The Trailblazing Black Female Doctor That American History Forgot
It’s somewhat hard today to appreciate just what an accomplishment the 145-page treatise A Book of Medical Discourses in Two Parts represents. Even the title of the 1883 work is misleadingly modest. One of the first American medical guides to offer advice for women and children, the book deals with treating everything from infant bowel complaints to hemorrhoids and diphtheria. It even offers marital advice: one way to stay happily married “is to continue in the careful routine of the courting days, till it becomes well understood between the two.”
Dedicated “to mothers, nurses, and all who may desire to mitigate the afflictions of the human race,” Medical Discourses is the masterwork of Dr. Rebecca Lee Crumpler, the first Black woman in America to earn a medical degree. She managed to blaze a path through the medical profession at a time when few Blacks or women were able to attend medical school, let alone publish books about their work.
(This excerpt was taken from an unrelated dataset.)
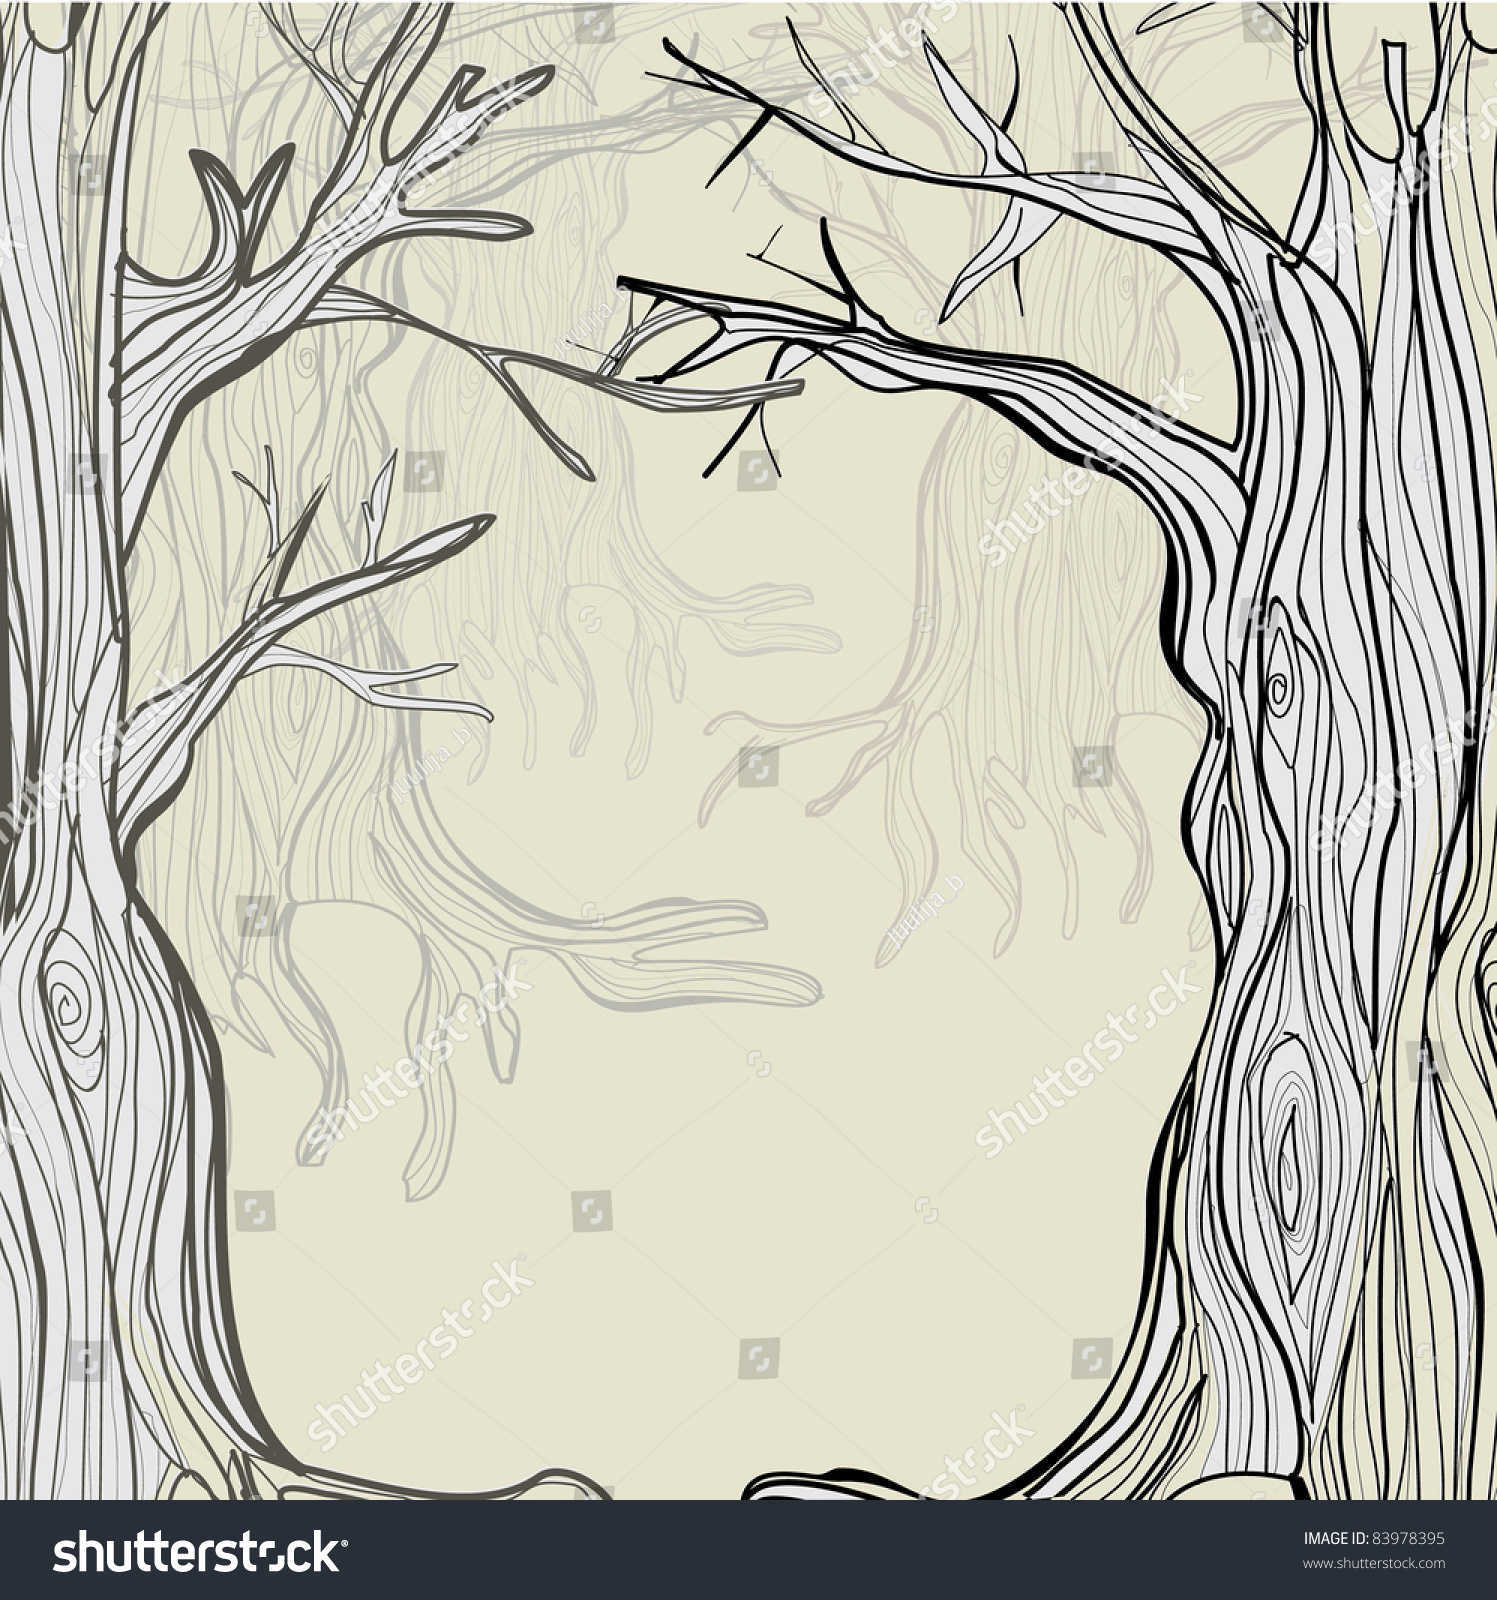 Vector Tree Background - 83978395 : Shutterstock

Few photographs survive of Dr. Crumpler, and what we know about her comes mostly from her own writings. Born in 1831, she says she was raised by a “kind aunt in Pennsylvania” who spent much of her time caring for sick neighbors so that the young Rebecca “early conceived a liking for, and sought every opportunity to relieve the sufferings of others.” At the age of 21, Crumpler moved to Charlestown, Massachusetts, where she worked as a nurse for eight years and set her sights on the New England Female Medical College.